**Exercise objective**
Print every line below exactly. Skip the pictures.

**Dataset extract**
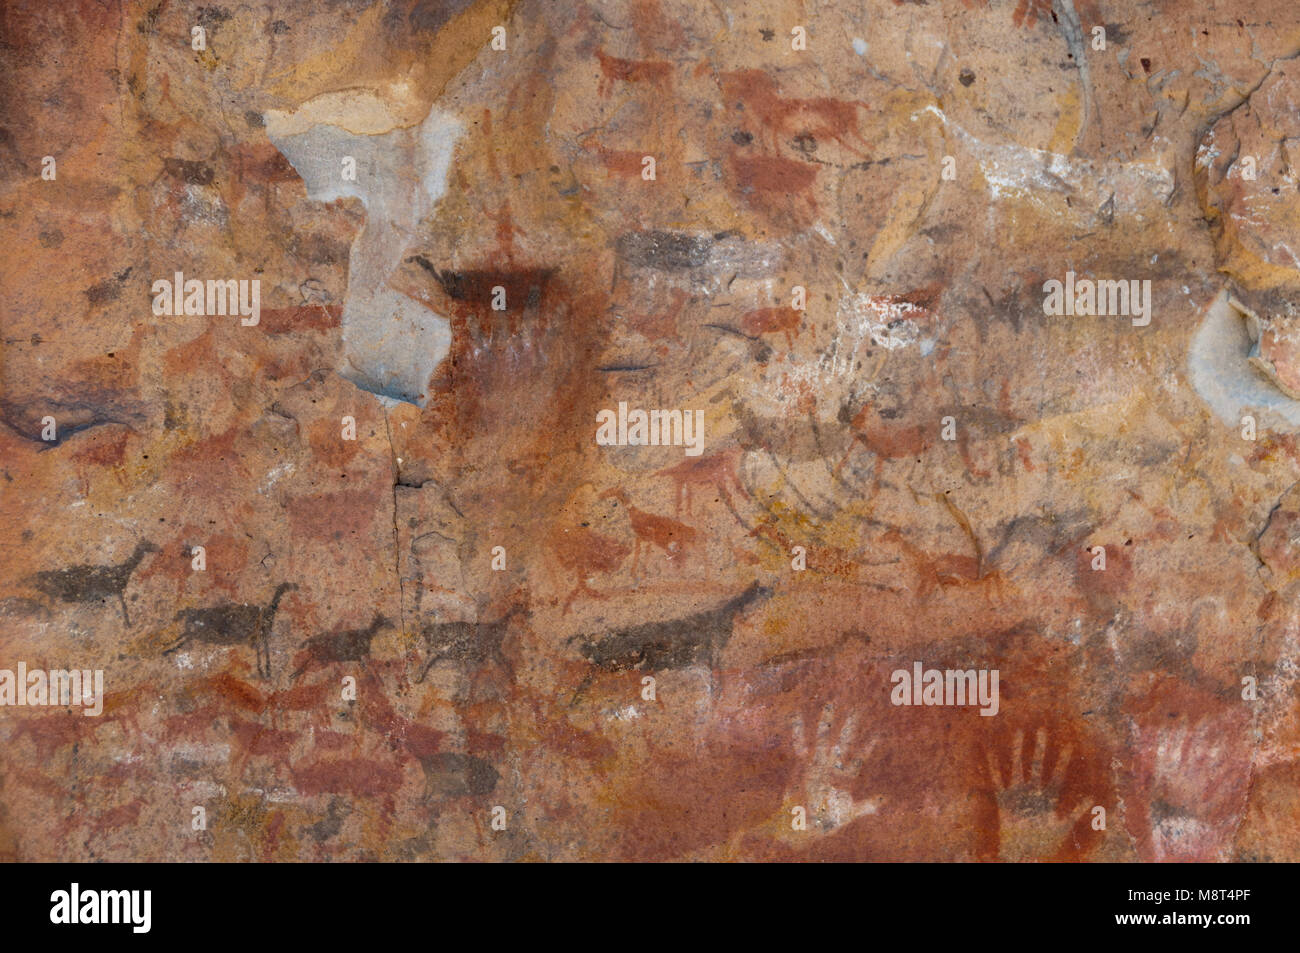 Rock art near the Cuevo de las manos. - Stock Image
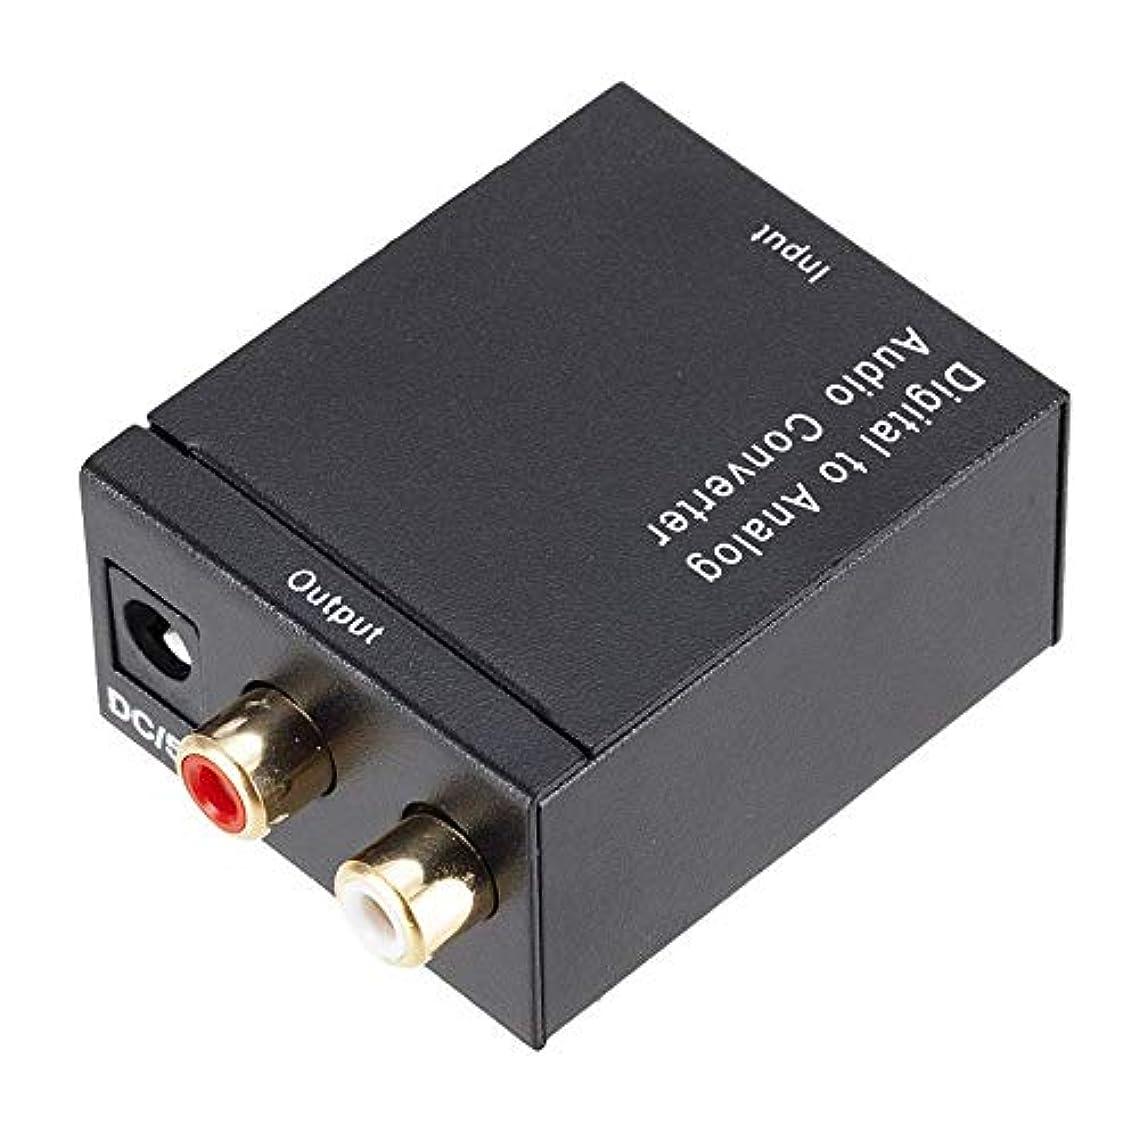 殉教者メーターミンチデジタルオーディオ/アナログオーディオR/LオーディオコンバータSPDIFデジタルファイバー/同軸オーディオアナログ
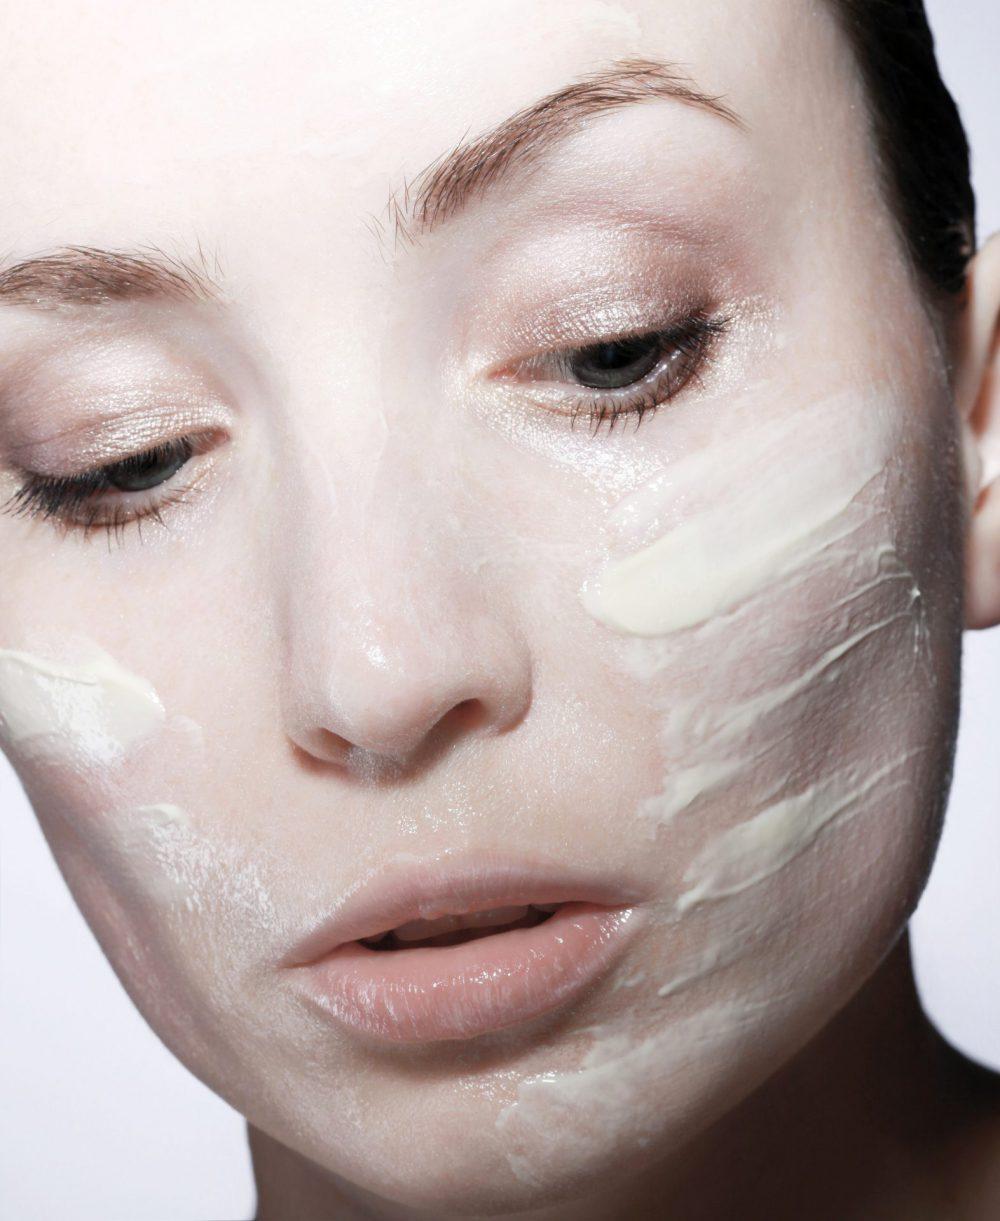 stosowanie kremu na twarz - co warto wiedzieć?
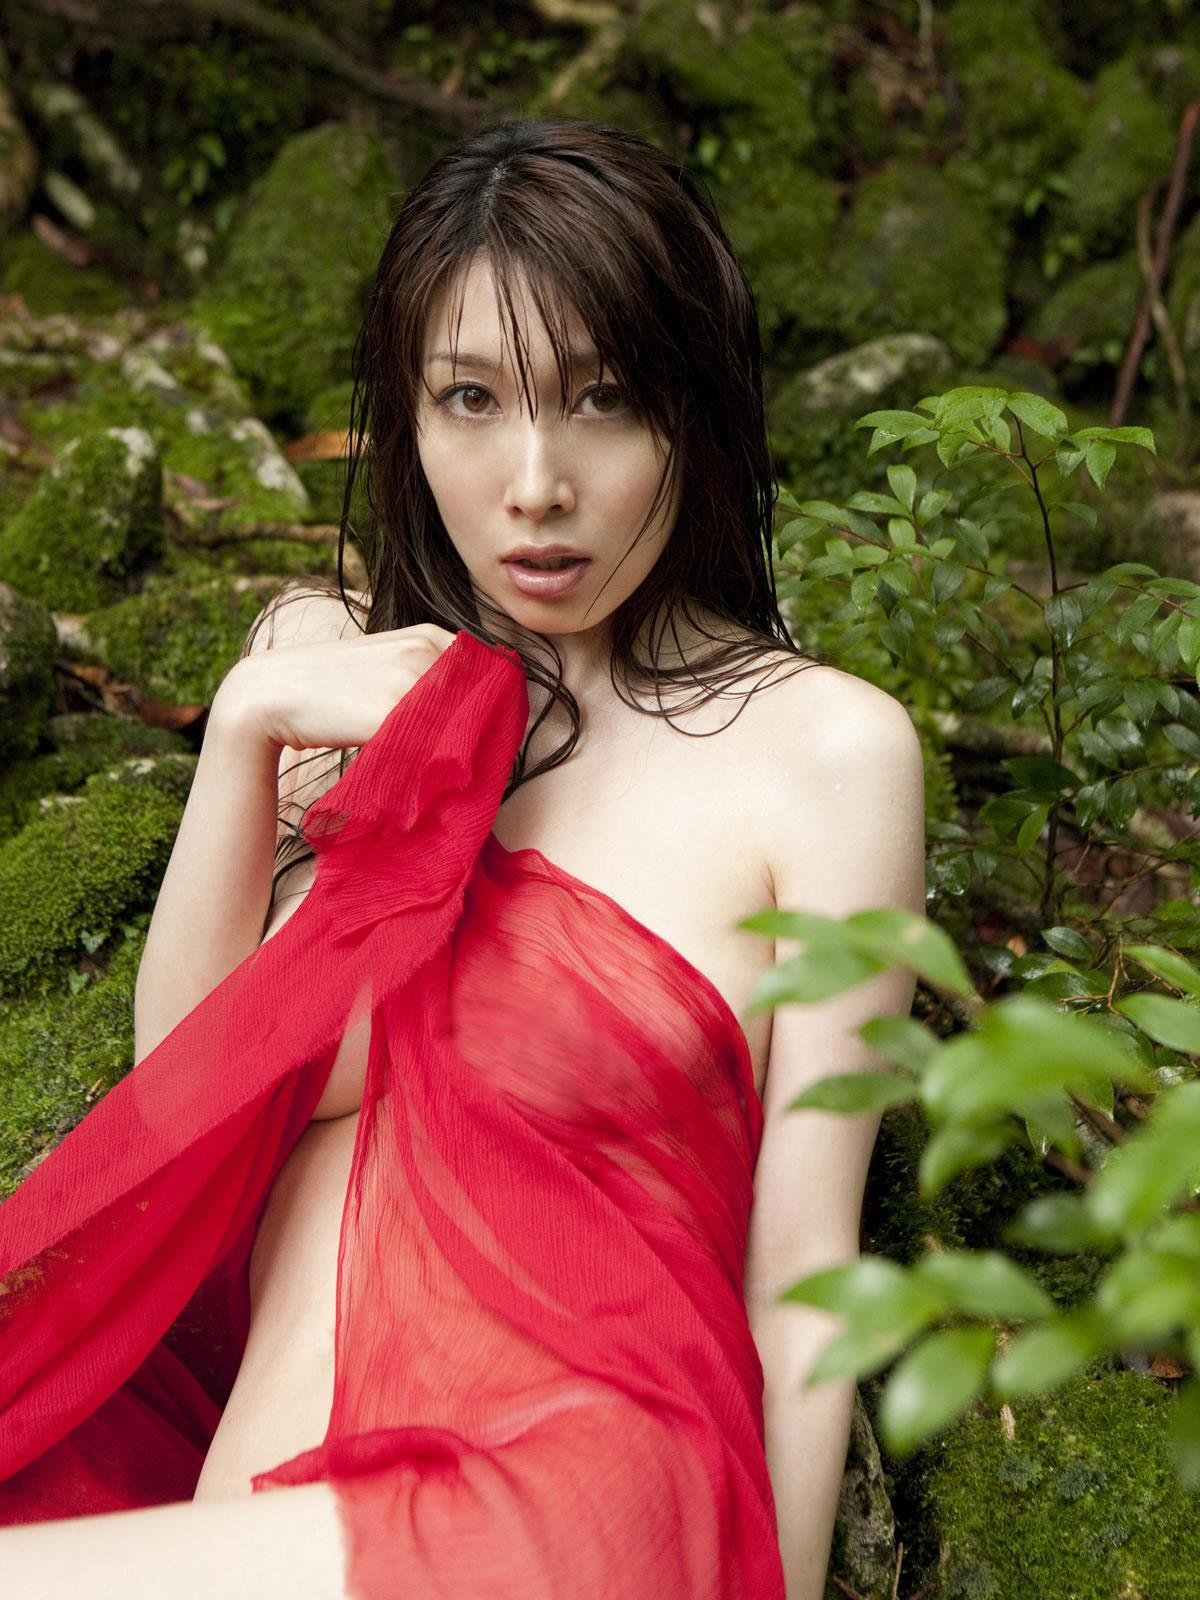 小林恵美 セミヌード画像 17

**Written reply**
 Rock art near the Cuevo de las manos. - Stock Image
 殉教者メーターミンチデジタルオーディオ/アナログオーディオR/LオーディオコンバータSPDIFデジタルファイバー/同軸オーディオアナログ
 stosowanie kremu na twarz - co warto wiedzieć?
 小林恵美 セミヌード画像 17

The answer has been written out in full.